--- Exercise data Enclosed Below ---

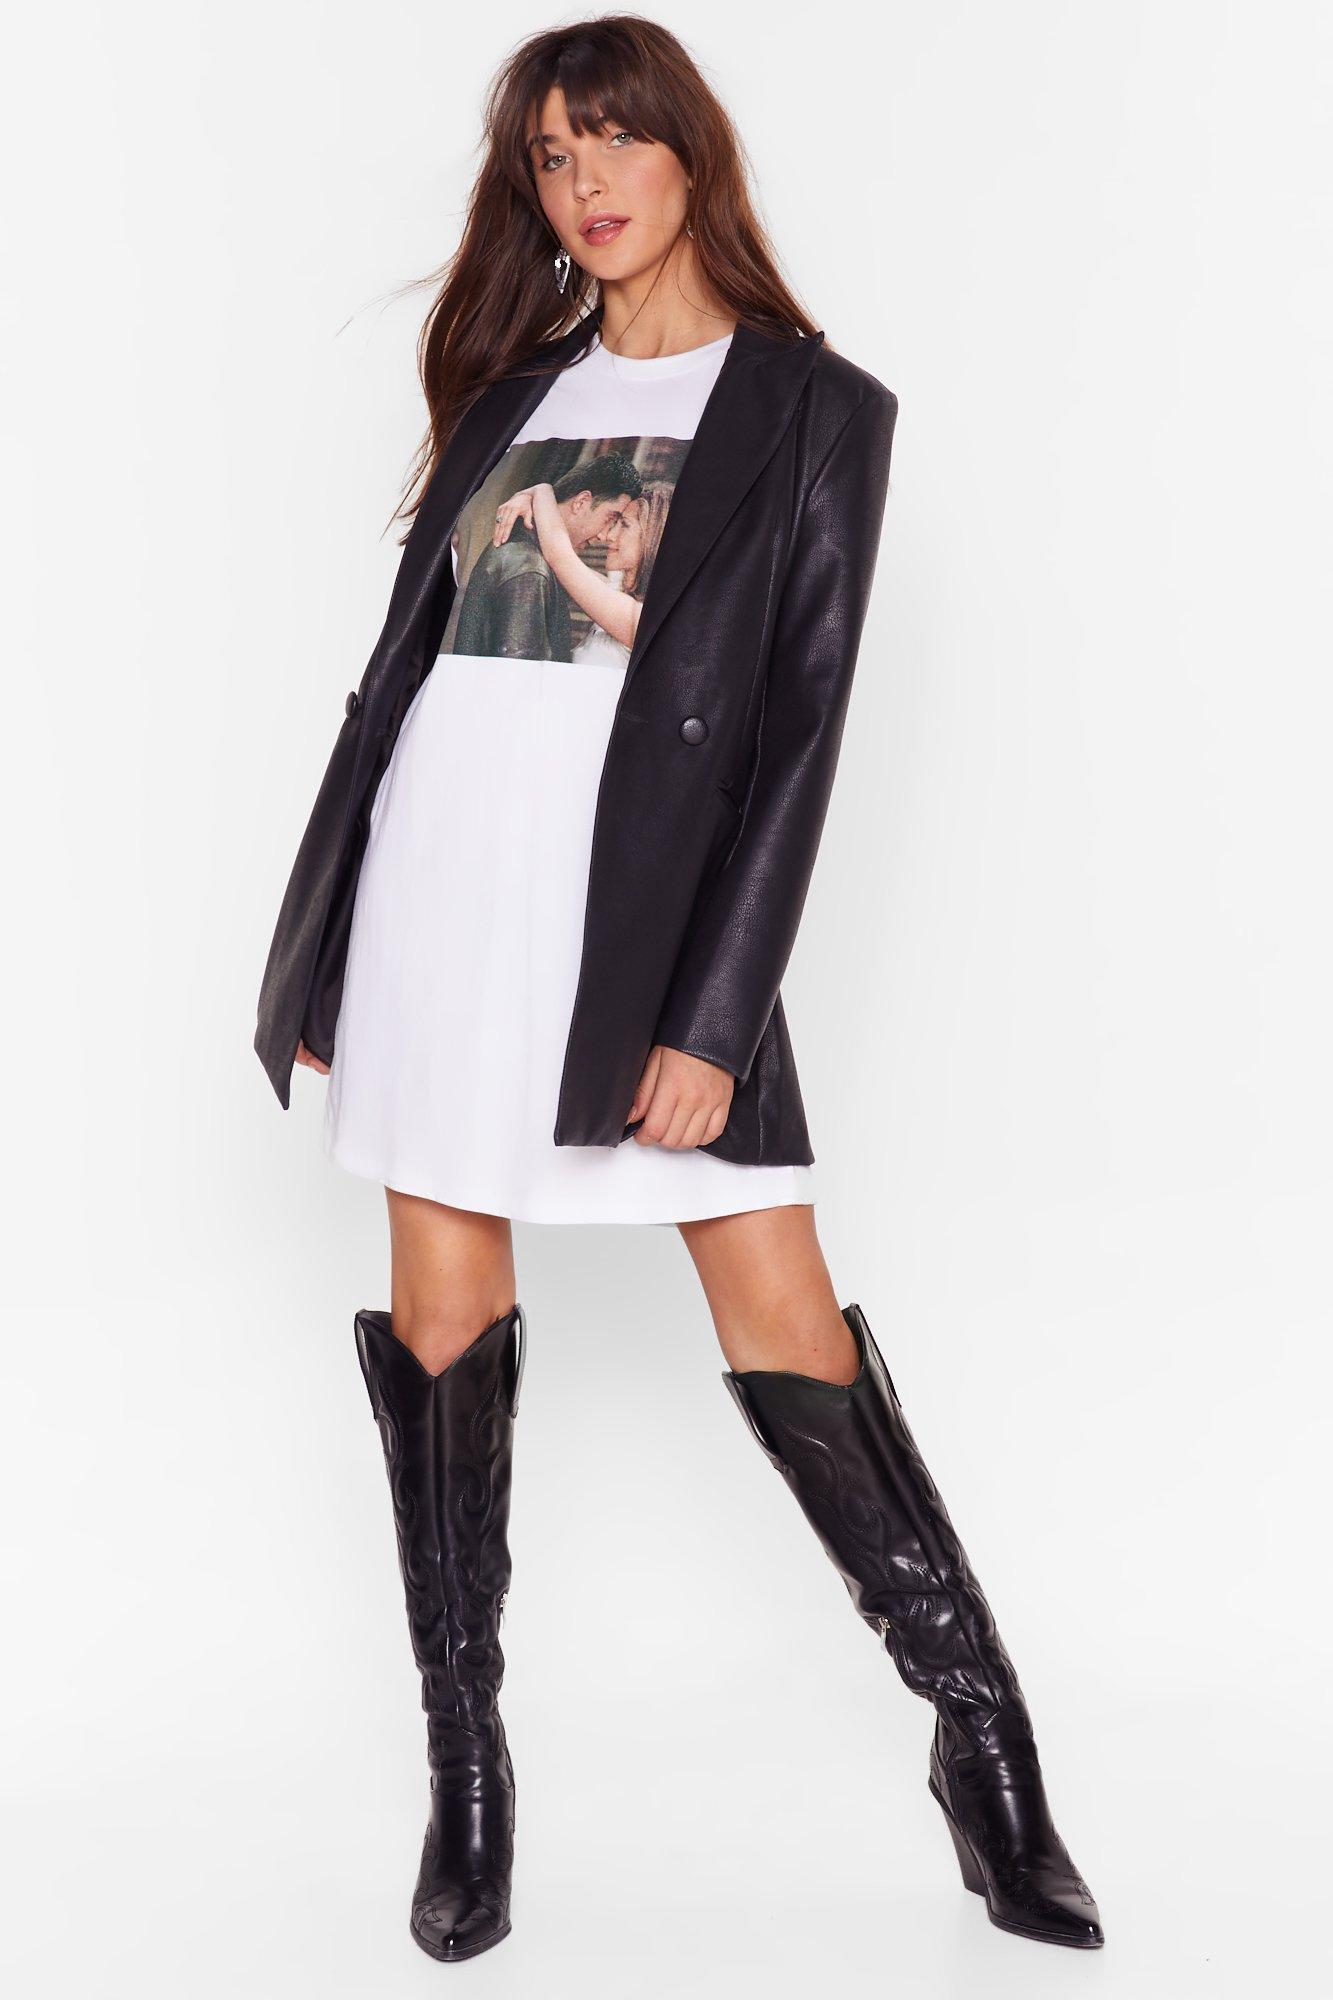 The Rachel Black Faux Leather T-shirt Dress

--- End of Enclosed Exercise data ---
--- Exercise data Enclosed Below ---

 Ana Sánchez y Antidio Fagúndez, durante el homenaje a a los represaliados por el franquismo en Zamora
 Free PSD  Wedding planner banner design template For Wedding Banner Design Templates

--- End of Enclosed Exercise data ---

| Exercise goal |
Give only the lines from the one holding "Ana Sánchez y" through the one holding "Banner Design Templates", each restated exactly as it appears above.

| The completed task |
 Ana Sánchez y Antidio Fagúndez, durante el homenaje a a los represaliados por el franquismo en Zamora
 Free PSD  Wedding planner banner design template For Wedding Banner Design Templates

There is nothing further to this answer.